Overview

This topic applies derivatives to real-world problems: finding maximum or minimum values in optimization, and solving problems where two or more quantities change over time using related rates. Both require modeling with functions and applying differentiation systematically.

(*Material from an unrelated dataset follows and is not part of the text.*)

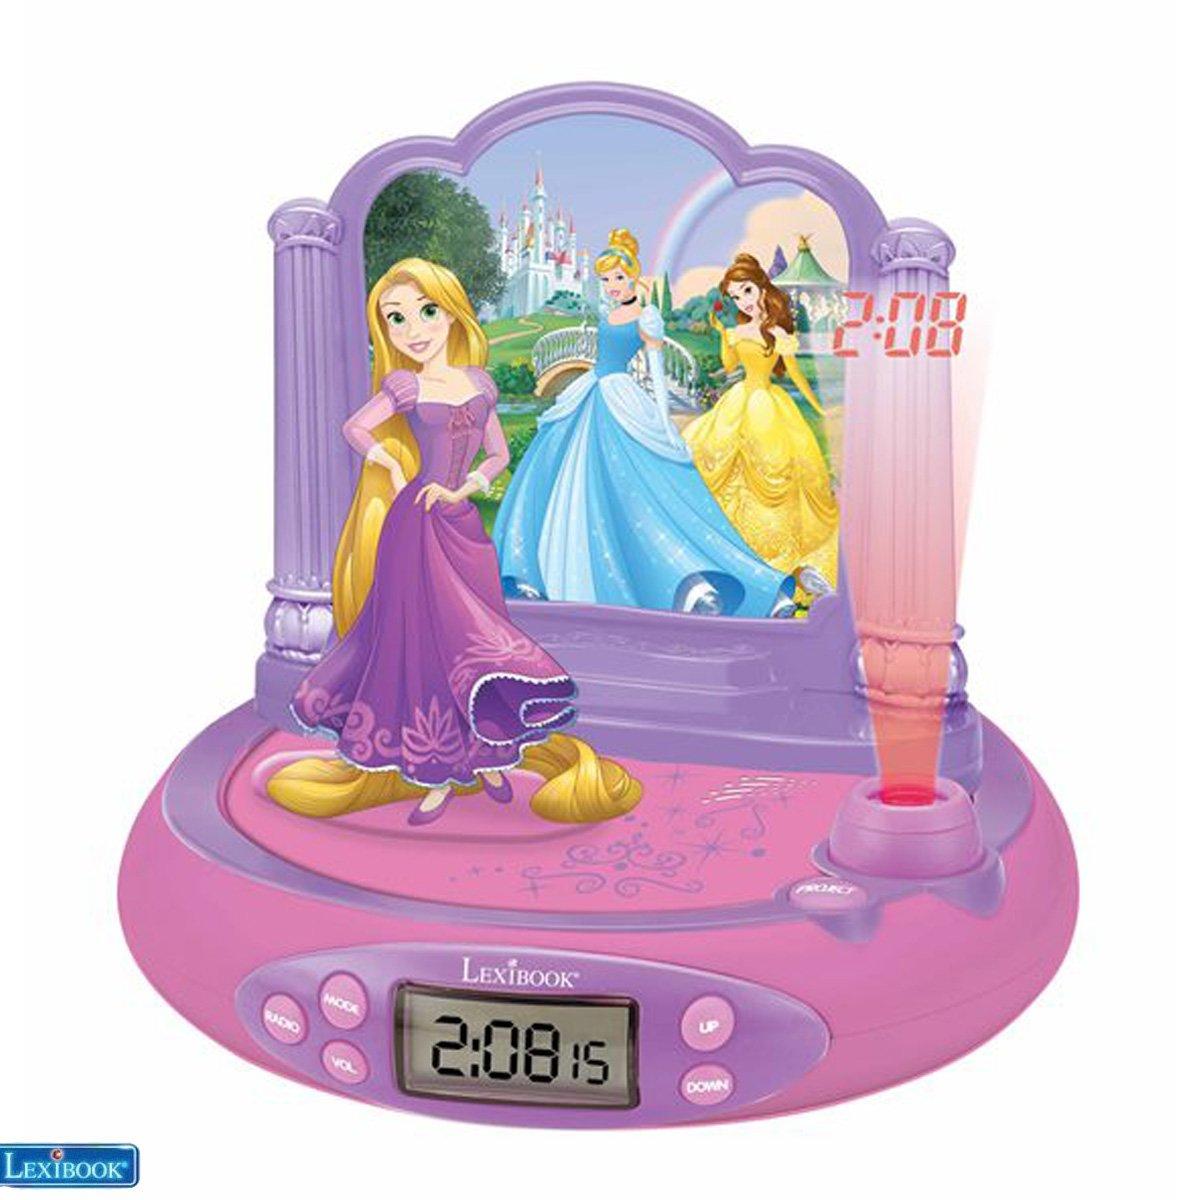 Lexibook - Disney Princess Rapunzel Projector Clock with magical sounds (RP515DP)

Key Concepts and Structures

• Optimization:
  • Find a quantity to maximize or minimize (e.g., area, cost, profit)
  • Write an equation for the quantity to optimize (objective function)
  • Use constraints to reduce to a single-variable function
  • Take derivative, find critical points, test for max/min
• Related Rates:
  • Two or more variables change over time (usually with respect to t)
  • Differentiate both sides of an equation using the chain rule: \frac{d}{dt}
  • Plug in known values and solve for the unknown rate
• Common Shapes: Area of rectangle A = lw, volume of cone V = (1/3)\pi r^2h, Pythagorean Theorem a^2 + b^2 = c^2

Quick Tip

Practice Problems

1. A rectangle has a perimeter of 20 units. What is the maximum possible area?
   Show Solution

   Step 1: Let width = w, length = l. Perimeter: 2l + 2w = 20

   Simplify: l = 10 - w

   Area: A = lw = w(10 - w)

   Take derivative: A' = 10 - 2w. Set A' = 0 → w = 5

   Final Answer: Maximum area is at w = l = 5 → A = 25

2. A balloon rises at 4 ft/sec. A person stands 10 ft away. How fast is the distance from the person to the balloon changing when the balloon is 24 ft high?
   Show Solution

   Step 1: Use Pythagorean Theorem: z^2 = x^2 + y^2, where z is the distance

   x = 10 (constant), y = height, \frac{dy}{dt} = 4

   Differentiating: 2z \cdot \frac{dz}{dt} = 2y \cdot \frac{dy}{dt}

   At y = 24: z = \sqrt{10^2 + 24^2} = 26

   Solve: 2(26) \cdot \frac{dz}{dt} = 2(24)(4) → \frac{dz}{dt} = \frac{192}{52} = \frac{48}{13}

   Final Answer: Distance increasing at \frac{48}{13} ft/sec